Required action -> Each record must appear in the answer exactly as given.

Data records

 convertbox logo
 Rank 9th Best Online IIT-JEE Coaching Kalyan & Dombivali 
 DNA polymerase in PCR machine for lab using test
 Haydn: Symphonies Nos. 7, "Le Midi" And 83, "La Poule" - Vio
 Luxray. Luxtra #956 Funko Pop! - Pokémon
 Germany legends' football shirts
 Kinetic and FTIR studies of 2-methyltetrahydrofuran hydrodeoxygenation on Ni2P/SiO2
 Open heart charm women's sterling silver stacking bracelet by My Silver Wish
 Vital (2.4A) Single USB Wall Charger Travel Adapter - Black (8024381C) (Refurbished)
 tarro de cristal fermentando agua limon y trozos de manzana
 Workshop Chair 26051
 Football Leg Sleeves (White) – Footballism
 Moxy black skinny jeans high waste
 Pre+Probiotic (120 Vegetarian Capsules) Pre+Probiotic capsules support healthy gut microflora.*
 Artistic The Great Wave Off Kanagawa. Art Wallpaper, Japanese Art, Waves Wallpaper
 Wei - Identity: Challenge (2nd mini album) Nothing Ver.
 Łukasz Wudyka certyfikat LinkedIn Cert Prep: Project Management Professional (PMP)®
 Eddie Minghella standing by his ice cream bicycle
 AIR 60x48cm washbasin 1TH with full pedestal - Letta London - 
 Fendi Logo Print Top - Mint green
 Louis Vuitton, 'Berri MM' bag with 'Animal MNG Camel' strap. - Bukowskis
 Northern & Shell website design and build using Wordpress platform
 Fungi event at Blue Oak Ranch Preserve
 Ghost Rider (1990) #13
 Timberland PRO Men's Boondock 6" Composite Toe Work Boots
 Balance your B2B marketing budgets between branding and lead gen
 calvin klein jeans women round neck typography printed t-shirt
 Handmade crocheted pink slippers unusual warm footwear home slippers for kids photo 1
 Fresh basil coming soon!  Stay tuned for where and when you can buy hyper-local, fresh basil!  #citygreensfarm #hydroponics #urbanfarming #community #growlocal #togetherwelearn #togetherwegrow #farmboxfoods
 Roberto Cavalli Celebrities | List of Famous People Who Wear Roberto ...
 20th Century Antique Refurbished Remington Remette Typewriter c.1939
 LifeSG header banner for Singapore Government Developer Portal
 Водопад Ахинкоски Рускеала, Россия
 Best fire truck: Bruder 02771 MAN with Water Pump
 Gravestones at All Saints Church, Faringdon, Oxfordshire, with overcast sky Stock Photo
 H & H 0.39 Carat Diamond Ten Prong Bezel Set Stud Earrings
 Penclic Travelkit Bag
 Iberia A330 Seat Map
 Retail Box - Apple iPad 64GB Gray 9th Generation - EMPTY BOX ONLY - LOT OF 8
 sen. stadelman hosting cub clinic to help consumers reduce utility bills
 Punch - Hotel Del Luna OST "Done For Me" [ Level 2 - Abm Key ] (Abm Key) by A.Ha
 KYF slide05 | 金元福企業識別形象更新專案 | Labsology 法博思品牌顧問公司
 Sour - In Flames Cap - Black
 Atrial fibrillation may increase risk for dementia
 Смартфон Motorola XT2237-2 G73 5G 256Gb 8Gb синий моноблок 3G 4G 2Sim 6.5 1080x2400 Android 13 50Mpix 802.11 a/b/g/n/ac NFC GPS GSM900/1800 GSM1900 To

Written answer ->
 convertbox logo
 Rank 9th Best Online IIT-JEE Coaching Kalyan & Dombivali 
 DNA polymerase in PCR machine for lab using test
 Haydn: Symphonies Nos. 7, "Le Midi" And 83, "La Poule" - Vio
 Luxray. Luxtra #956 Funko Pop! - Pokémon
 Germany legends' football shirts
 Kinetic and FTIR studies of 2-methyltetrahydrofuran hydrodeoxygenation on Ni2P/SiO2
 Open heart charm women's sterling silver stacking bracelet by My Silver Wish
 Vital (2.4A) Single USB Wall Charger Travel Adapter - Black (8024381C) (Refurbished)
 tarro de cristal fermentando agua limon y trozos de manzana
 Workshop Chair 26051
 Football Leg Sleeves (White) – Footballism
 Moxy black skinny jeans high waste
 Pre+Probiotic (120 Vegetarian Capsules) Pre+Probiotic capsules support healthy gut microflora.*
 Artistic The Great Wave Off Kanagawa. Art Wallpaper, Japanese Art, Waves Wallpaper
 Wei - Identity: Challenge (2nd mini album) Nothing Ver.
 Łukasz Wudyka certyfikat LinkedIn Cert Prep: Project Management Professional (PMP)®
 Eddie Minghella standing by his ice cream bicycle
 AIR 60x48cm washbasin 1TH with full pedestal - Letta London - 
 Fendi Logo Print Top - Mint green
 Louis Vuitton, 'Berri MM' bag with 'Animal MNG Camel' strap. - Bukowskis
 Northern & Shell website design and build using Wordpress platform
 Fungi event at Blue Oak Ranch Preserve
 Ghost Rider (1990) #13
 Timberland PRO Men's Boondock 6" Composite Toe Work Boots
 Balance your B2B marketing budgets between branding and lead gen
 calvin klein jeans women round neck typography printed t-shirt
 Handmade crocheted pink slippers unusual warm footwear home slippers for kids photo 1
 Fresh basil coming soon!  Stay tuned for where and when you can buy hyper-local, fresh basil!  #citygreensfarm #hydroponics #urbanfarming #community #growlocal #togetherwelearn #togetherwegrow #farmboxfoods
 Roberto Cavalli Celebrities | List of Famous People Who Wear Roberto ...
 20th Century Antique Refurbished Remington Remette Typewriter c.1939
 LifeSG header banner for Singapore Government Developer Portal
 Водопад Ахинкоски Рускеала, Россия
 Best fire truck: Bruder 02771 MAN with Water Pump
 Gravestones at All Saints Church, Faringdon, Oxfordshire, with overcast sky Stock Photo
 H & H 0.39 Carat Diamond Ten Prong Bezel Set Stud Earrings
 Penclic Travelkit Bag
 Iberia A330 Seat Map
 Retail Box - Apple iPad 64GB Gray 9th Generation - EMPTY BOX ONLY - LOT OF 8
 sen. stadelman hosting cub clinic to help consumers reduce utility bills
 Punch - Hotel Del Luna OST "Done For Me" [ Level 2 - Abm Key ] (Abm Key) by A.Ha
 KYF slide05 | 金元福企業識別形象更新專案 | Labsology 法博思品牌顧問公司
 Sour - In Flames Cap - Black
 Atrial fibrillation may increase risk for dementia
 Смартфон Motorola XT2237-2 G73 5G 256Gb 8Gb синий моноблок 3G 4G 2Sim 6.5 1080x2400 Android 13 50Mpix 802.11 a/b/g/n/ac NFC GPS GSM900/1800 GSM1900 To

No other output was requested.